The US has had a few failures - particularly the various color revolutions - but also plenty of successes. I have a hard time believing that people are talking about US failures to orchestrate "organic movements" in a thread where we're literally witnessing the power of US elite capture on the Global South.
Make no mistake, the US is immensely successful at this game. That's why so many more countries worship the US than worship China, Russia, India, or any other competing power. Elites in Saudi Arabia, Jordan, Qatar, and most of the Arab world would rather send their children to Harvard and work in Goldman Sachs, than send their children to Qinghua and work in Huawei. This is despite the US continuously bombing their "fellow Muslims" for most of the last two decades.
That sort of power is deep rooted and tends to be underestimated. When people ask, "why is it that nobody in the Global South seems to do what is in their own best interest but just let the US win!?" They should remember that the cultural conditioning was established over the course of decades, if not centuries.
If there's one thing Western elites are extremely proficient in, it is in understanding the dynamics of multi-spectrum power and how to wield it.

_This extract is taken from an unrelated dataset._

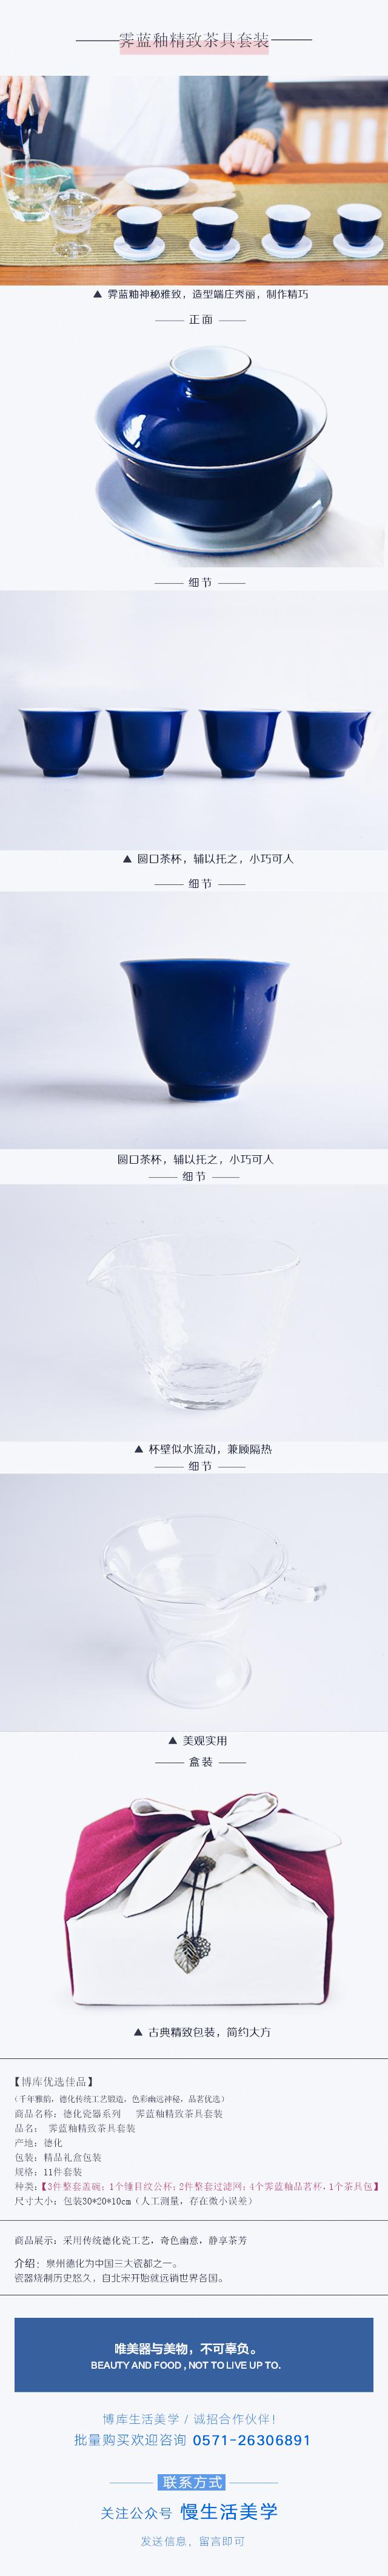 1霁蓝套组.jpg
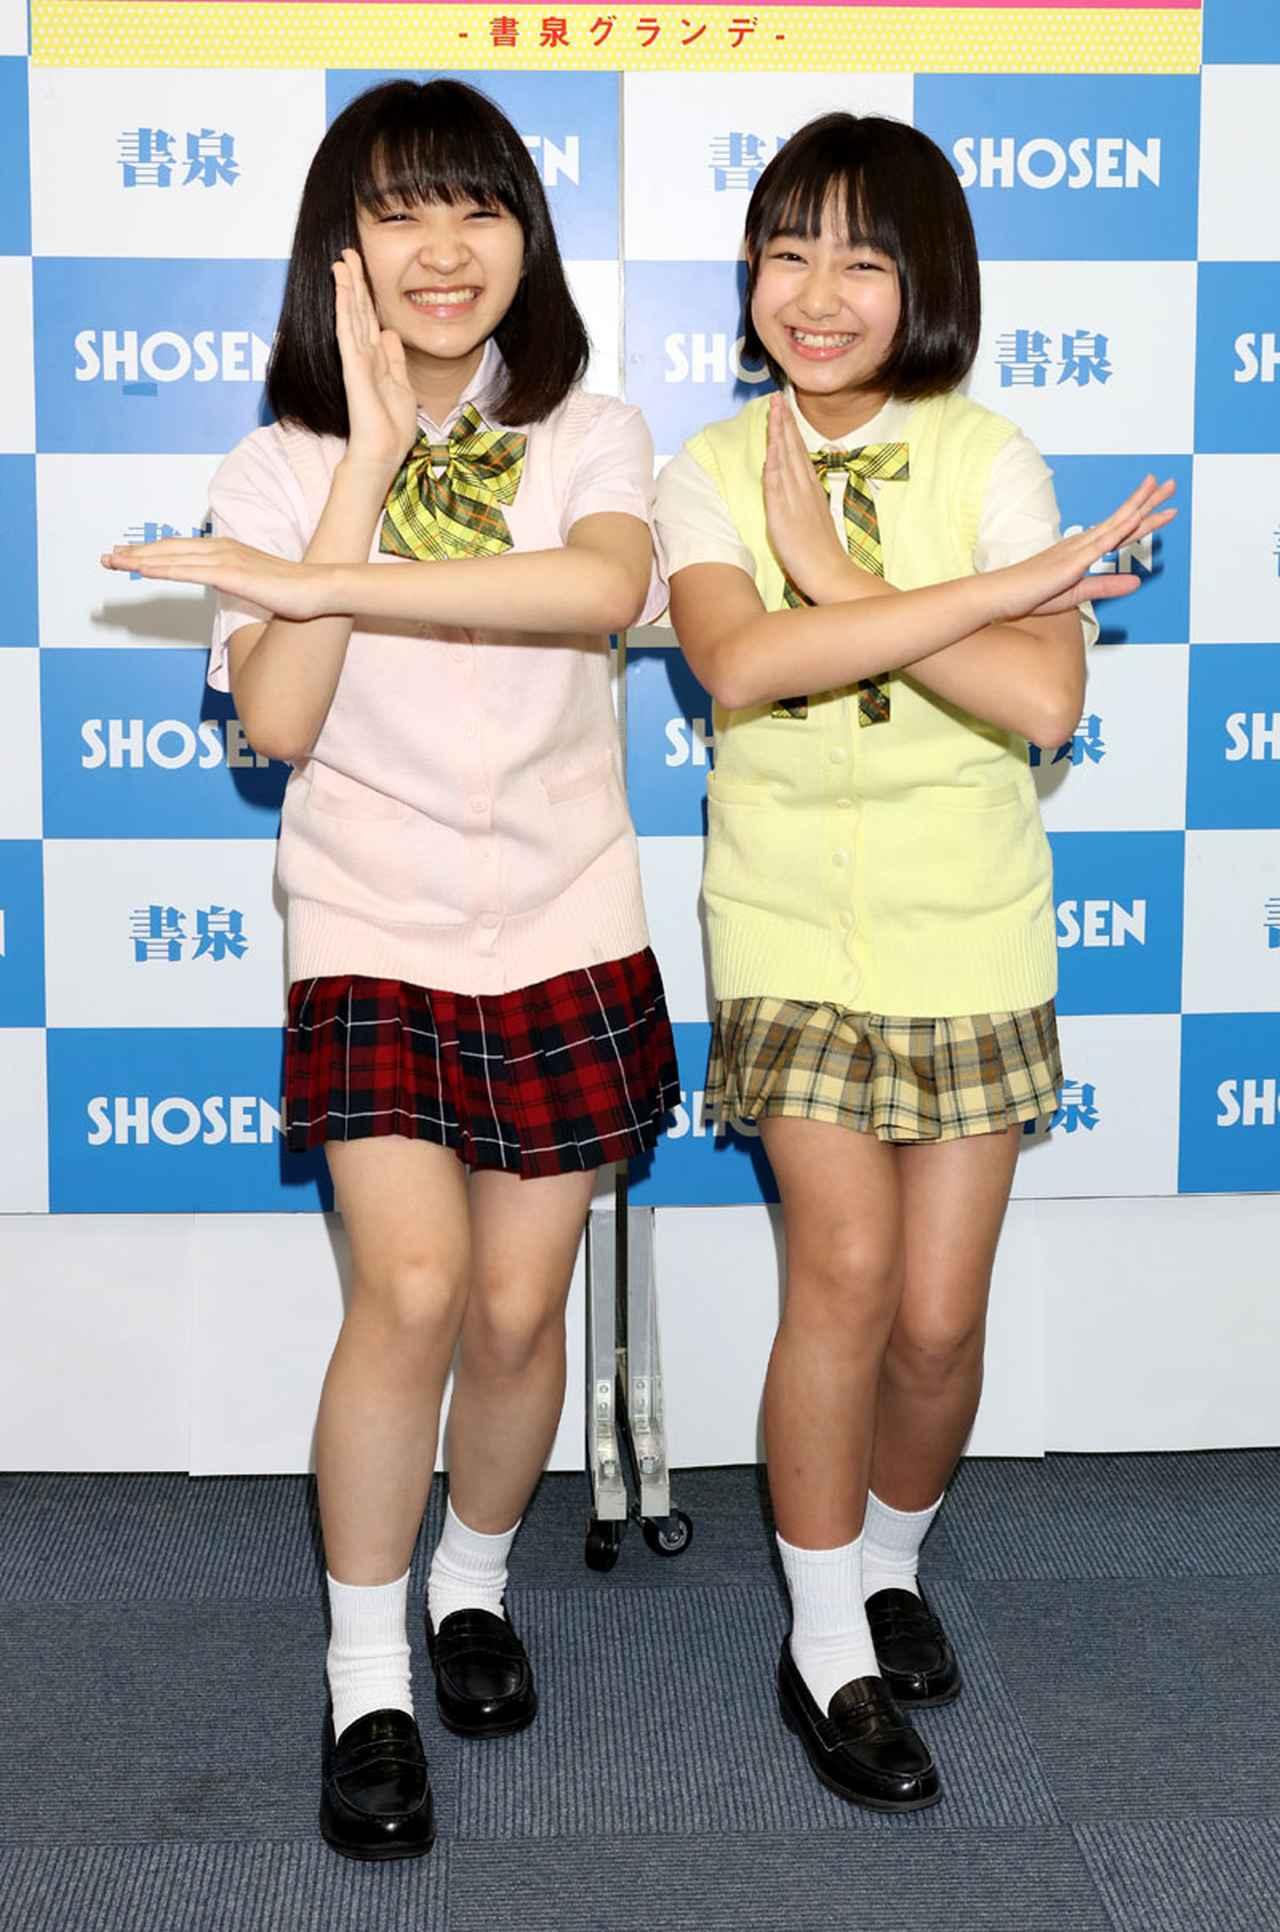 Images : 4番目の画像 - 「前野えま、本間菜穂/雑誌「Chu-Boh」の表紙に登場!「うれしかった!」「びっくりした」。元気いっぱいのJC会見!」のアルバム - Stereo Sound ONLINE

The writer in New York Times, the politician in Congress, the professor at Harvard, the industrialist in Lockheed Martin, the banker in Wall Street, the technologist in Open AI, the admiral of the Seventh Fleet, the intelligence agent in the Pentagon, even your average moderator on Reddit, they all work in coordination to advance the same common cause.
It's not just financial power; it's not just industrial power; it's not just cultural power; it's not just military power; it's not just espionage power; it's everything, all at once. And that's what the rest of the world, by comparison, are so bad at.